Stress is one of the most common human experiences and one that modifies many other experiences, including pain. It is the rule rather than the exception that stressful life events, unless coupled with other major physiological events such as pregnancy, lead to an exacerbation of underlying pain disorders. A prominent role for stress in the pathophysiology and clinical expression of many pain states has been well-documented [Dancy, et al., 1998; Farber et al., 1986; Garrett et al., 1991; Thomason et al., 1992; Zautra et al., 1997]. Under normal conditions, acute stress induces transient release of stress-related hormones, which can act as pro-inflammatory mediators to produce short-term effects in peripheral tissue [e.g., Boucher et al., 2010; Theoharides et al., 1998]. However, chronic stress can result in long-term and maladaptive physiological changes. For example, repeated large increases in the release of stress hormones can subsequently sensitize central stress system responsiveness [McCormick et al., 1998].
Stress is frequently reported as an exacerbator of pain symptoms in humans [Bennett et al., 1995; Rothrock et al., 2001; Zautra et al., 1997], and indeed, stress has been suggested to play a causative role in development of some functional disorders of visceral systems, including interstitial cystitis (IC). IC is a painful bladder syndrome [Bennett et al., 1995; Macaulay et al., 1987] that primarily affects the female population and is characterized by pelvic and/or perineal pain, urinary urgency and frequency, and nocturia. A majority of IC patients report symptom exacerbation during periods of clinical stress, and acute experimental stress increases bladder pain and urgency in these individuals [Koziol et al., 1993; Lutgendorf et al., 2000]. As severity of the disease increases, the relationship between stress and symptom manifestation becomes even more evident [Rothrock et al., 2001].

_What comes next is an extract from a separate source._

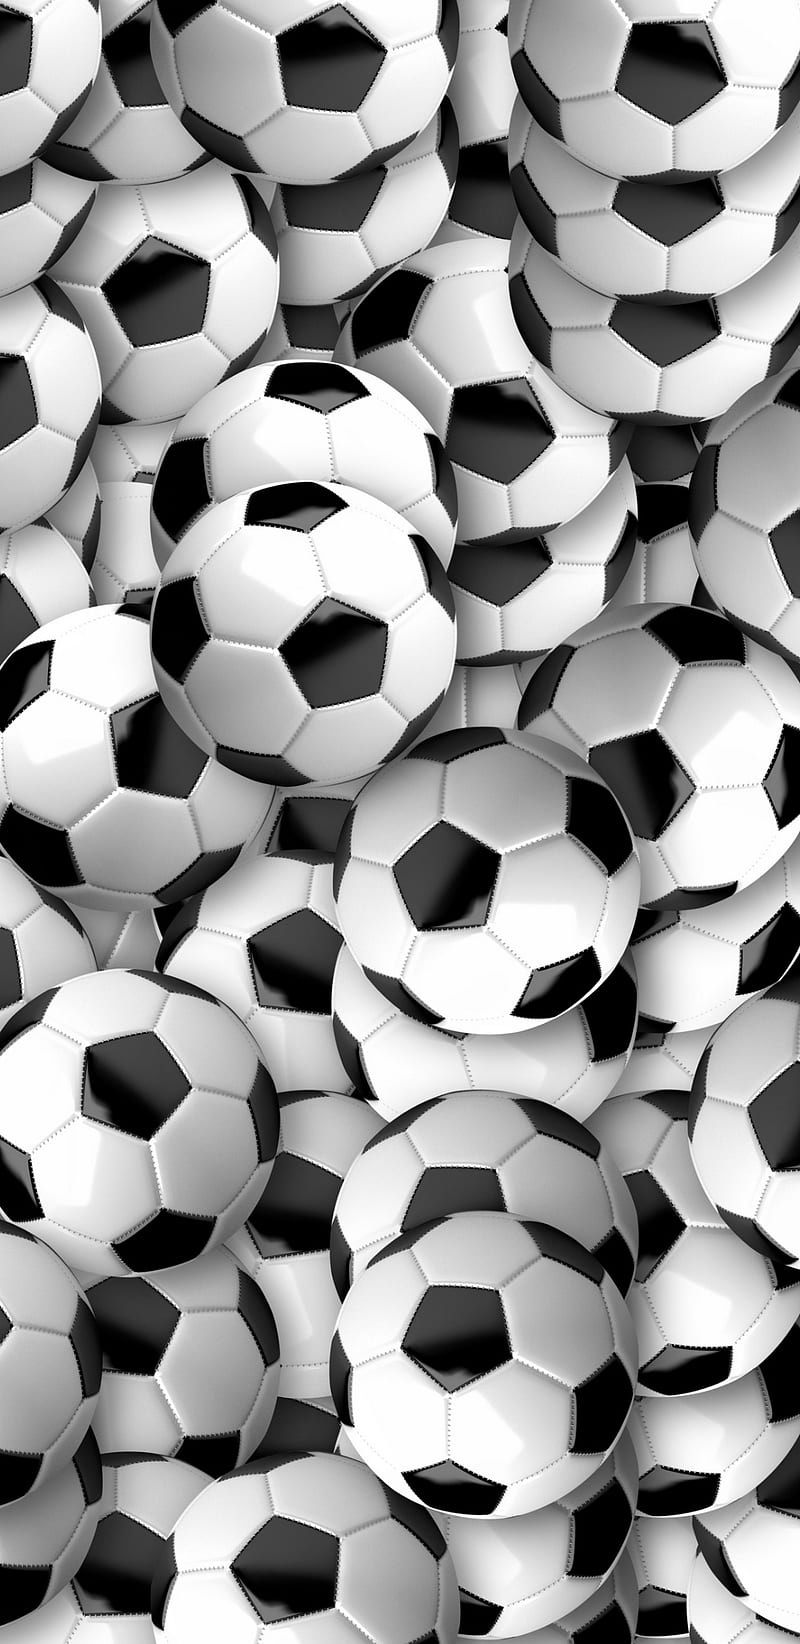 Wallpaper ID 243302  black and white monochrome soccer and football hd 4k  wallpaper free download

Animal studies have demonstrated that acute [Schwetz et al., 2005; Bradesi et al., 2002] and chronic exposure to stressors such as restraint [Costa et al., 2005; Gamaro et al., 1998; Hirata et al., 2008; Toulouse et al., 2000], footshock [Robbins and Ness, 2008] and water avoidance [Bradesi et al., 2005; Mayer et al., 2001; Robbins et al., 2007] alters visceral nociceptive processing. Specifically, these manipulations produce a hypersensitive state reflected as augmented visceromotor responses to stimulation of the gut and urinary bladder. This hypersensitivity likely occurs via a combination of stress-induced cellular, molecular, neuroendocrine, and physiological changes [Imaki et al., 1991; Kuipers et al., 2003; Van Dijken et al., 1993]. The current study examined whether exposure to intermittent footshock activates the hypothalamic-pituitary-adrenocortical (HPA) axis, thus supporting its utility as an experimental stressor, and whether intermittent footshock produces neurophysiological changes in the spinal dorsal horn. We have previously demonstrated that bladder inflammation differentially affects two subpopulations of DHNs that can be distinguished by their responses to the application of a heterosegmental noxious conditioning stimulus (HNCS) [Ness et al., 2009]. Here, the modulatory effect of intermittent footshock was assessed by examining responses of DHNs to urinary bladder distension (UBD) following exposure to chronic and acute footshock in both intact and spinalized preparations.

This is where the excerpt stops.